◆ Work request ◆
Without any pictures, retype exactly the lines that begin at the one holding "Fynch-Hatton Shirts für" and end at the last line of the data below.

---------- Dataset excerpt

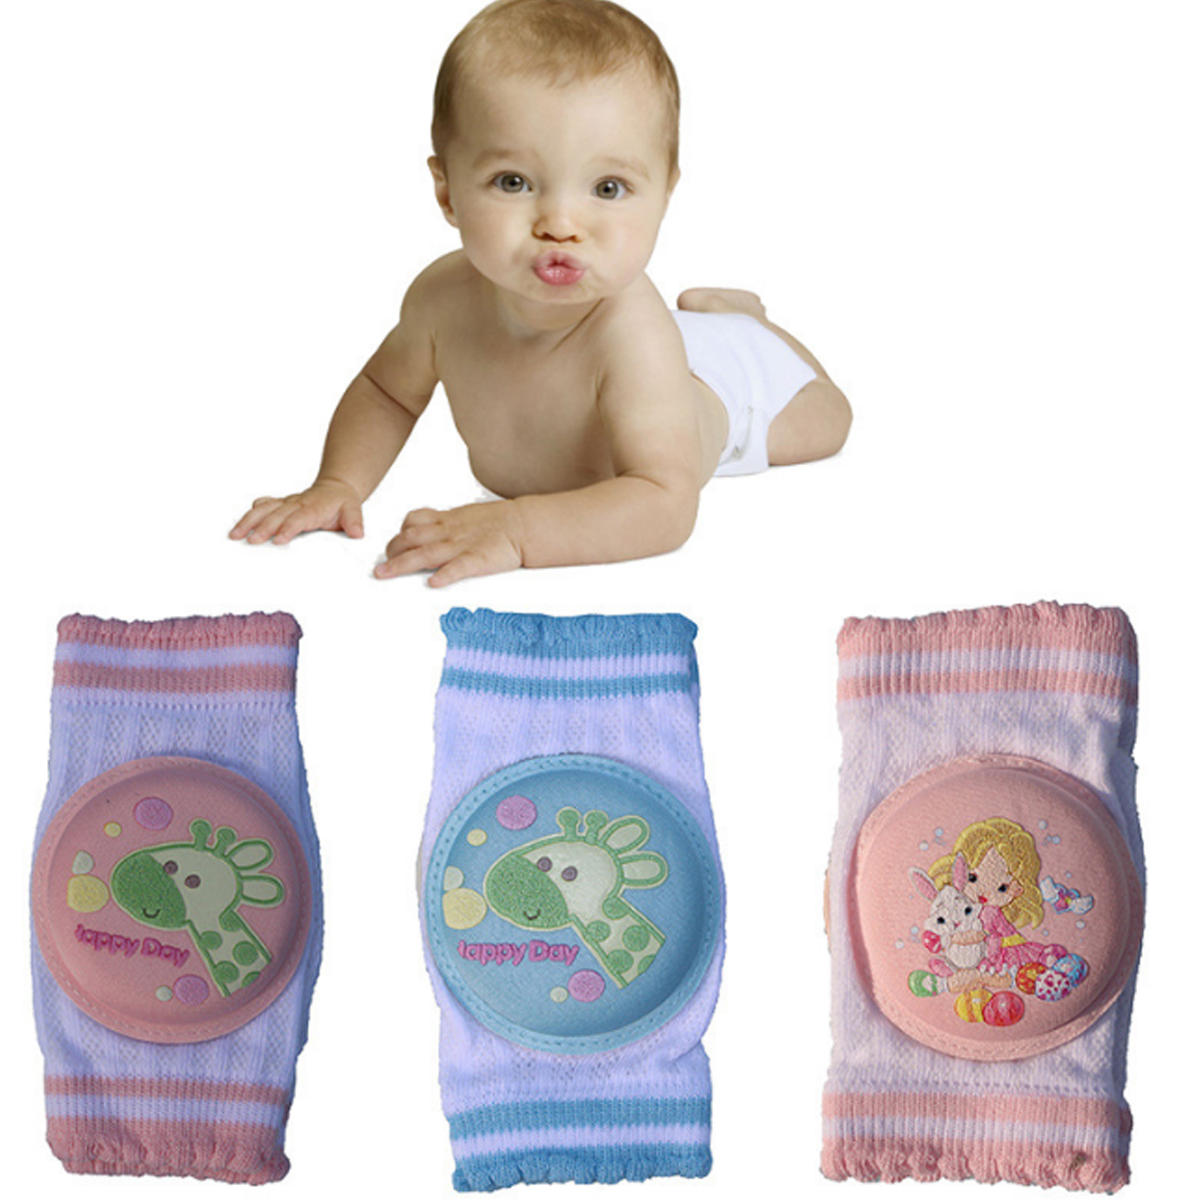 Baby krabbeln Knieschützer Anti-Kollision Atmungsaktiv Bein Ellenbogenschutz Schwamm Mesh Baby Kniesocken 
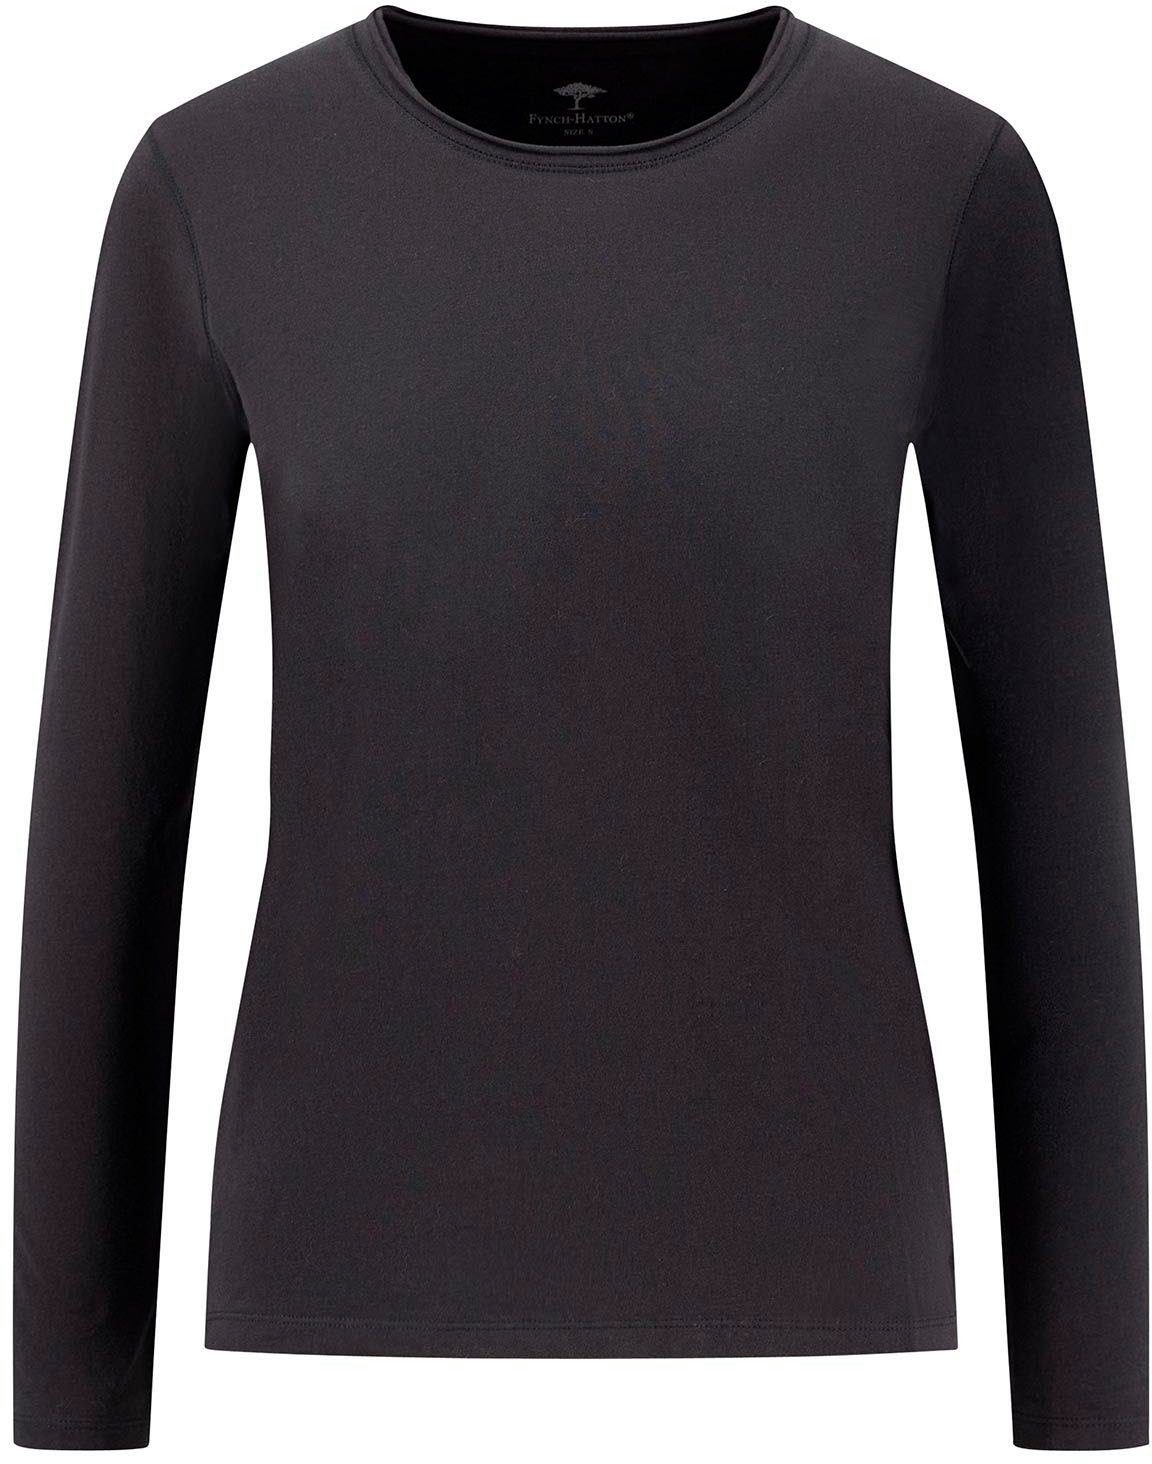 Fynch-Hatton Shirts für Damen kaufen OTTO | online
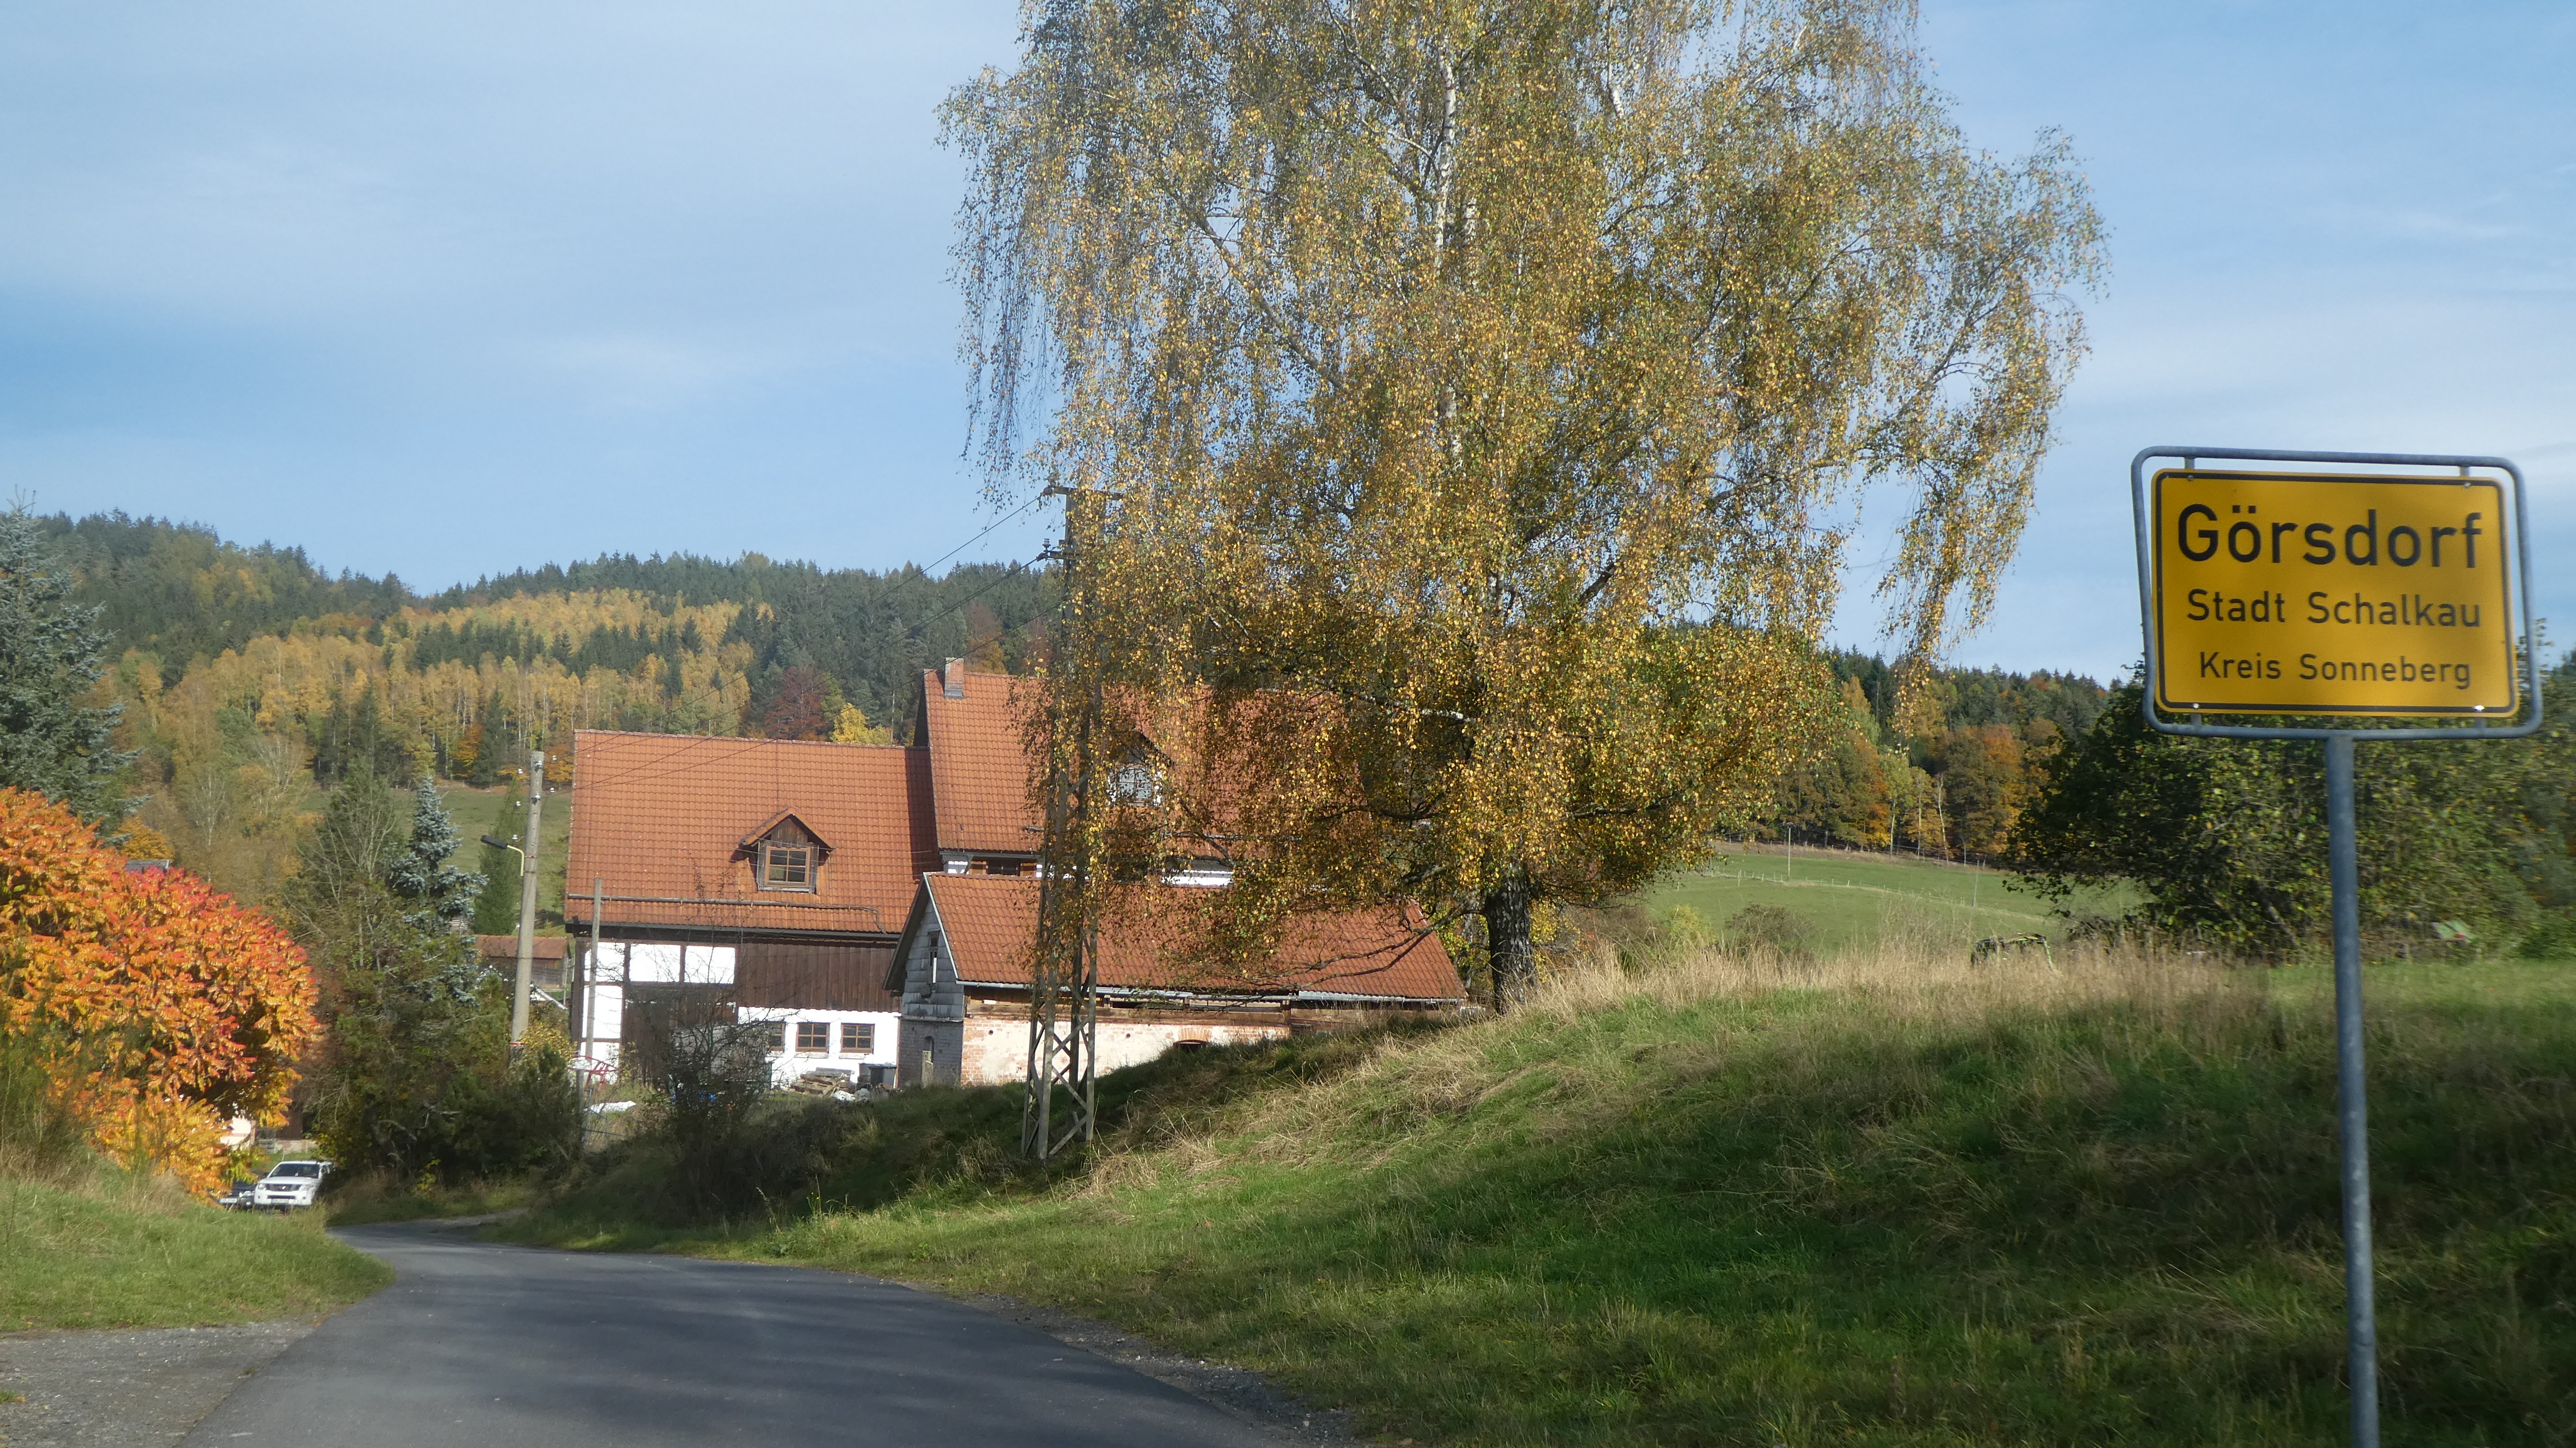 Görsdorf

--------------------

◆ Exercise solution ◆
 Fynch-Hatton Shirts für Damen kaufen OTTO | online
 Görsdorf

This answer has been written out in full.